Pour Dolores, il est urgent de construire un écosystème de soutien global : des centres d’accueil, des soins, de la formation, mais aussi un changement de regard sur les survivantes. Elle appelle gouvernements, bailleurs et citoyens à une implication tangible.
« Une femme qui se relève, c’est une communauté entière qui se redresse avec elle», dit-elle.
Elle rappelle aussi que les victimes ne sont pas toutes des femmes. Les hommes mutilés, les pères brisés, les enfants soldats doivent également être inclus dans les efforts de reconstruction.

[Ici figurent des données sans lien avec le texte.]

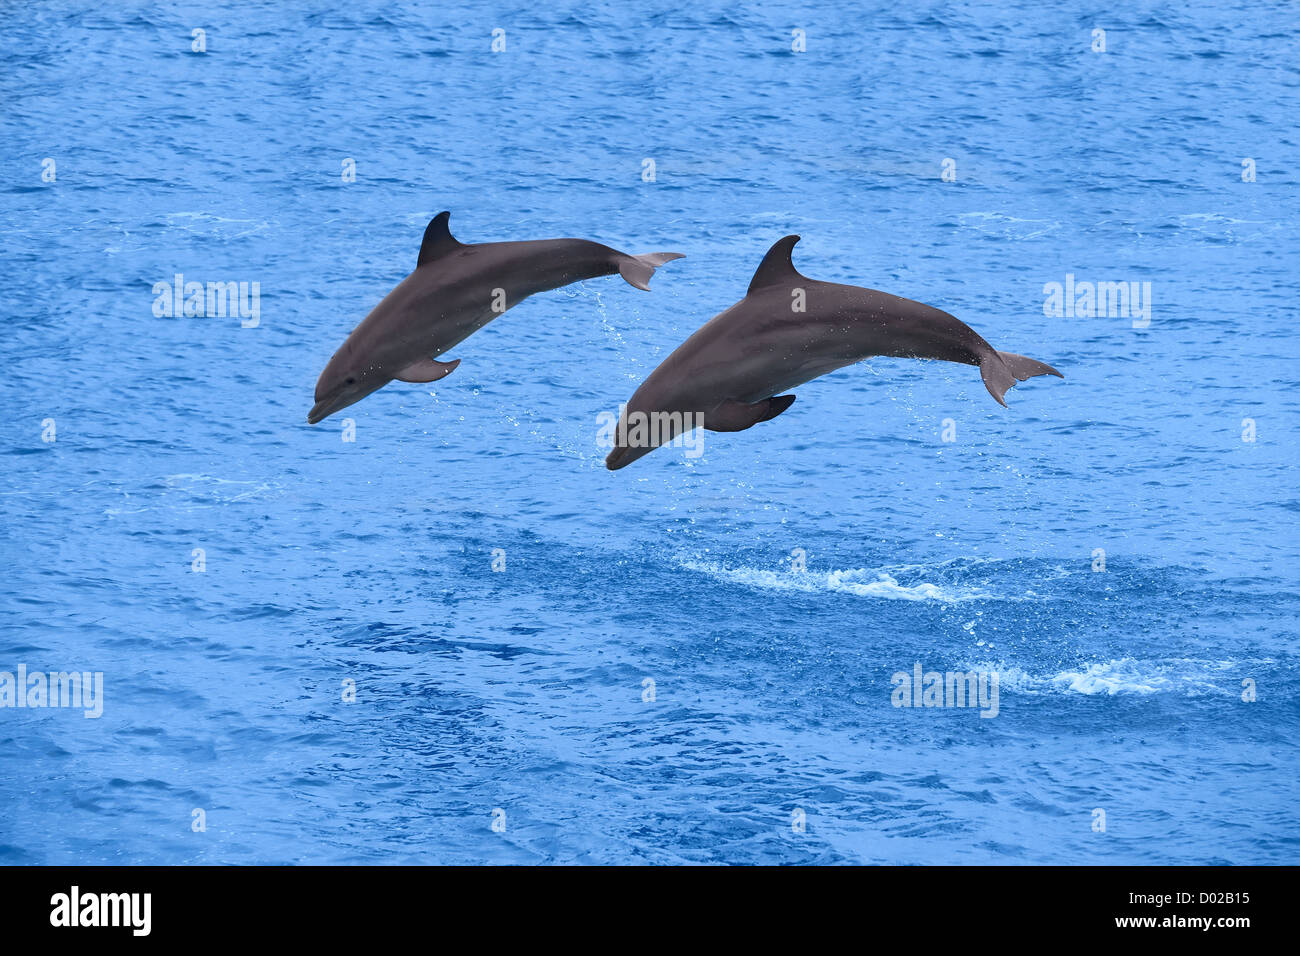 Two dolphins jumping in the Caribbean sea Stock Photo
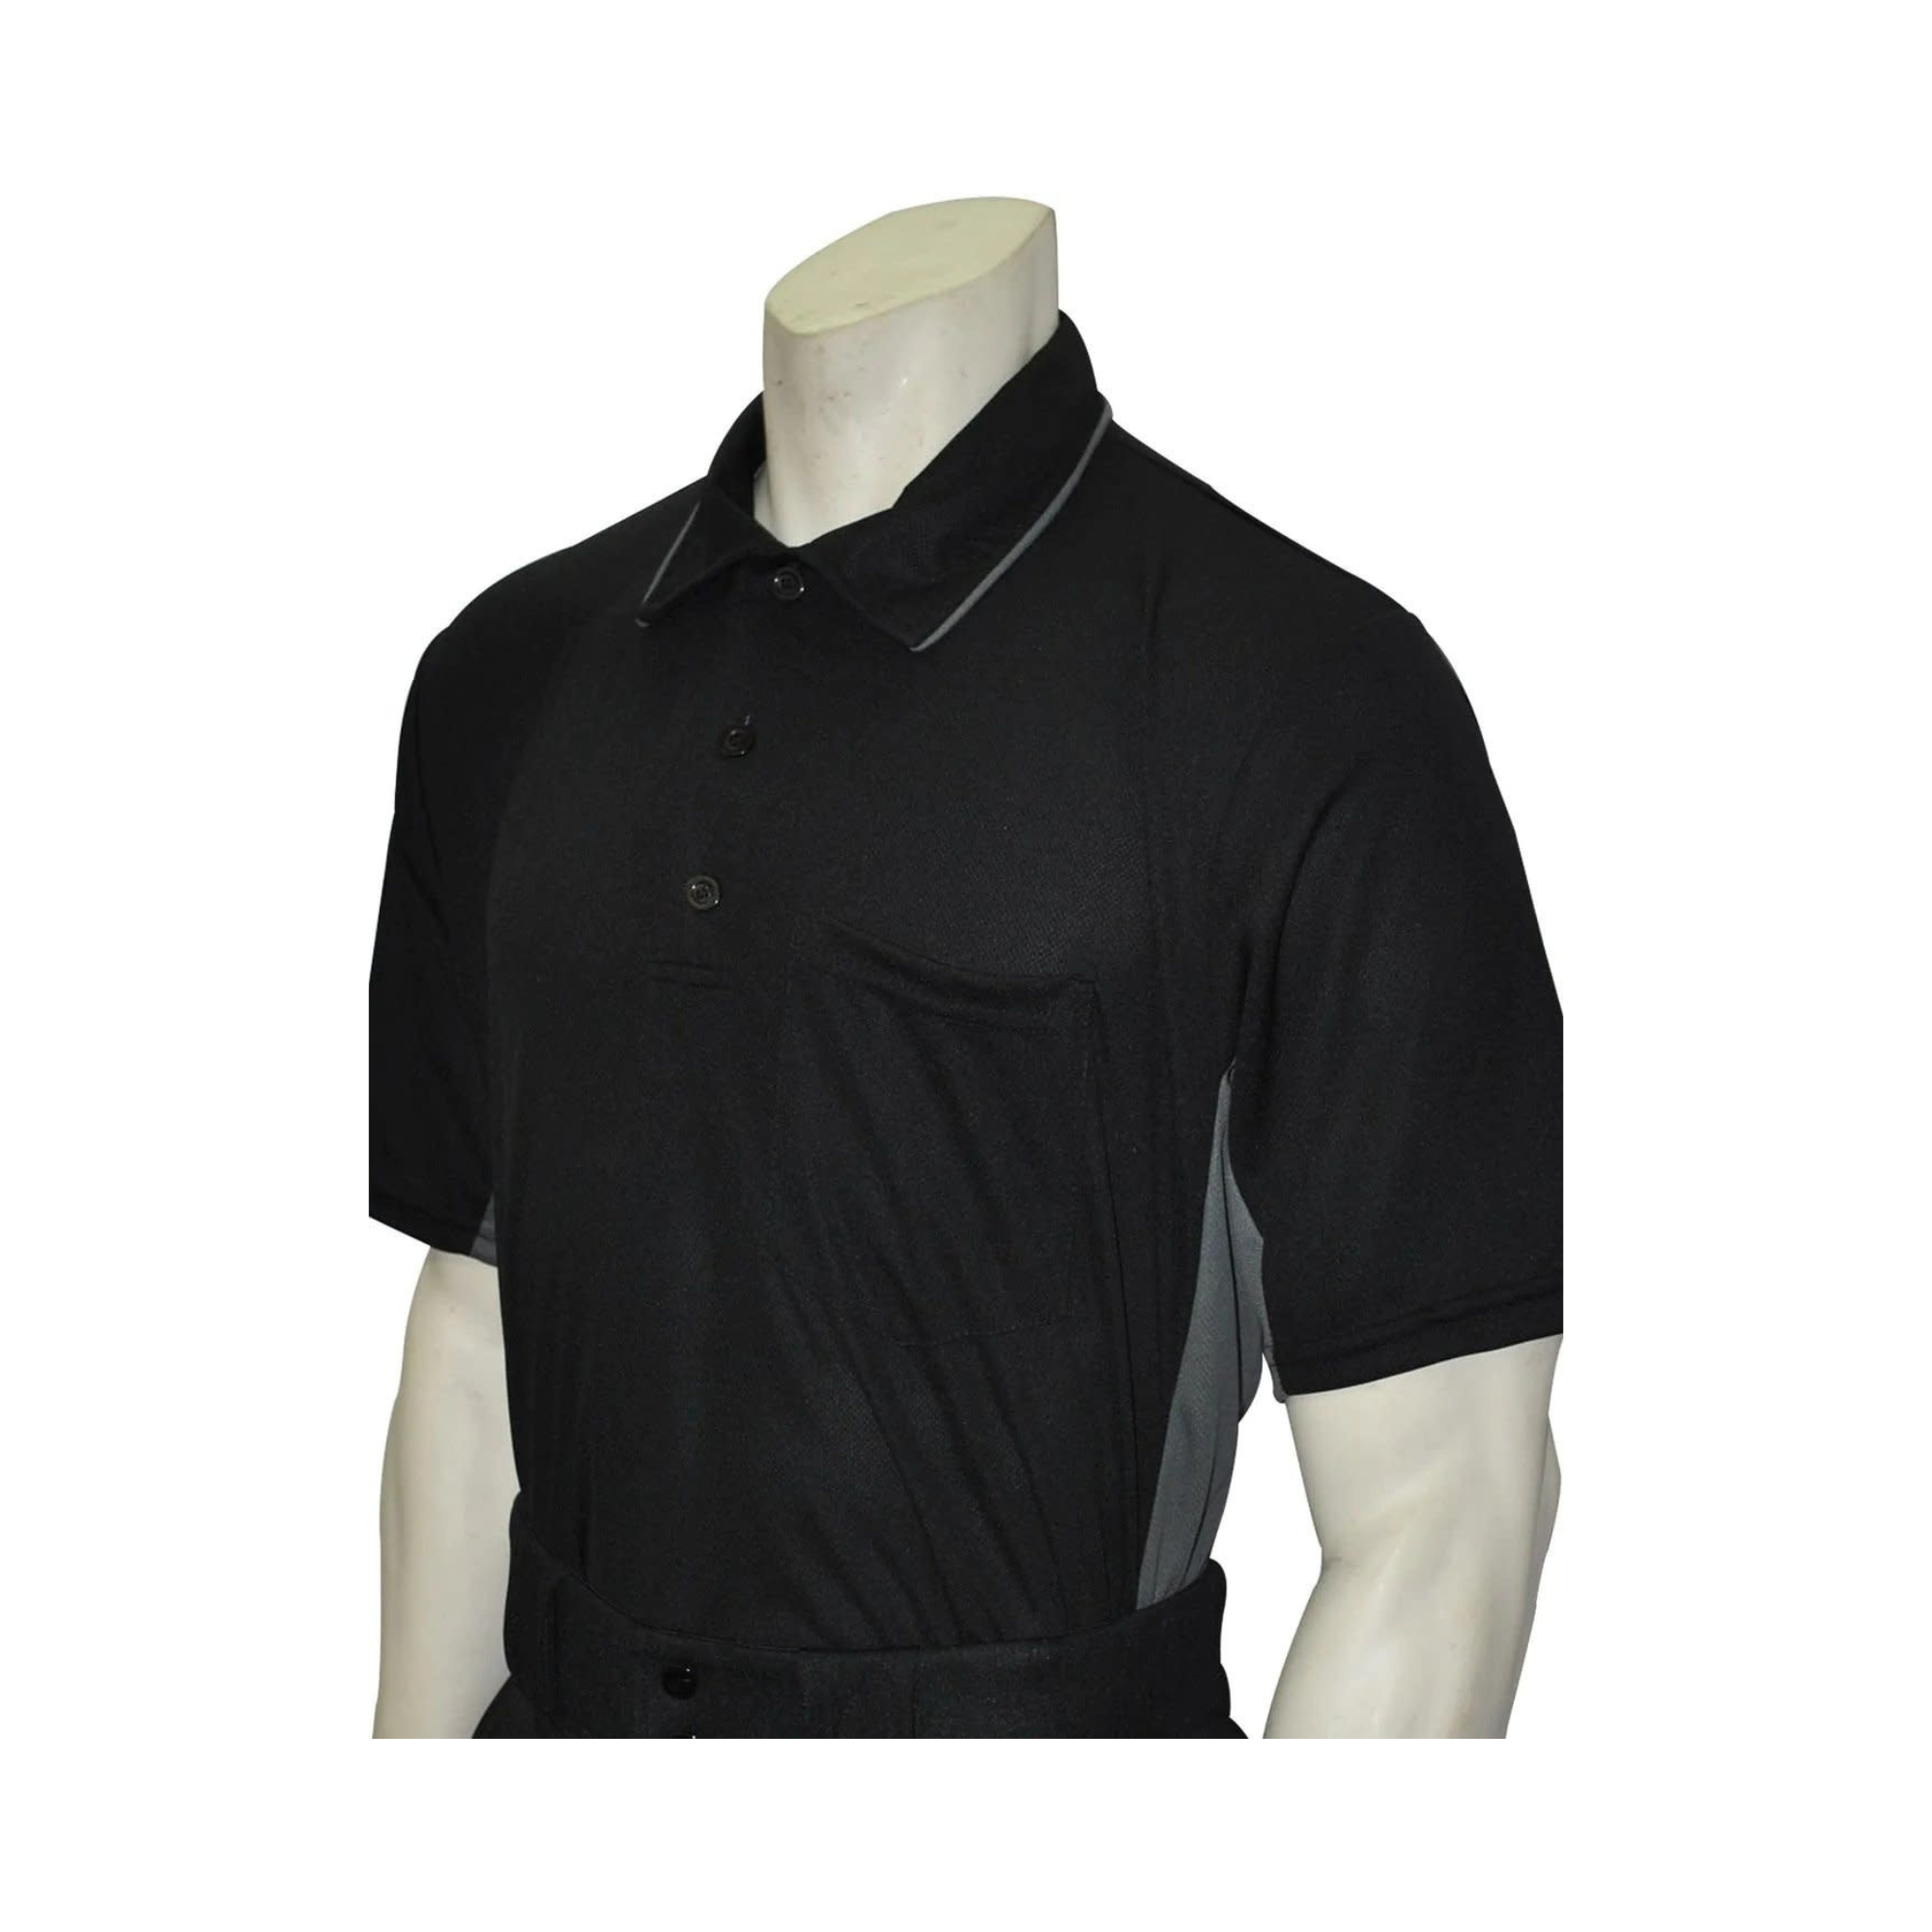 Smitty MLB Style Umpire Shirt with Side Panel

« La violence n’a pas de genre. C’est toute la société qui doit guérir», dit-elle.
Briser le silence, un acte de paix et de justice

« Briser le silence est un acte de paix. C’est un acte politique. C’est un acte d’amour», a-t-elle ajouté.
Chaque mot posé, chaque vérité énoncée, ouvre un chemin vers la guérison collective. Dolores tend la main à toutes celles qu’on a laissées de côté, affirmant :
« La lumière jaillit dans la nuit la plus sombre. Je suis la preuve qu’on peut tomber et se relever. »
Des voix courageuses pour une paix durable

Sous la modération de la journaliste Christelle Mpongo, ce cinquième panel a été un moment de vérité brute. Pas de statistiques désincarnées, mais des récits vivants, incarnés, bouleversants.
Women UP, organisé par Le Zénith Magazine, est plus qu’un événement : c’est un espace de construction de paix à partir du vécu des femmes. Un lieu où elles exigent leur place dans les politiques de réparation, de prévention et de reconstruction.
Dolores Matumbu l’a rappelé avec force : les survivantes ne sont pas que des victimes. Elles sont bâtisseuses. Piliers. Phares dans la nuit. Des voix qu’on ne peut plus ignorer.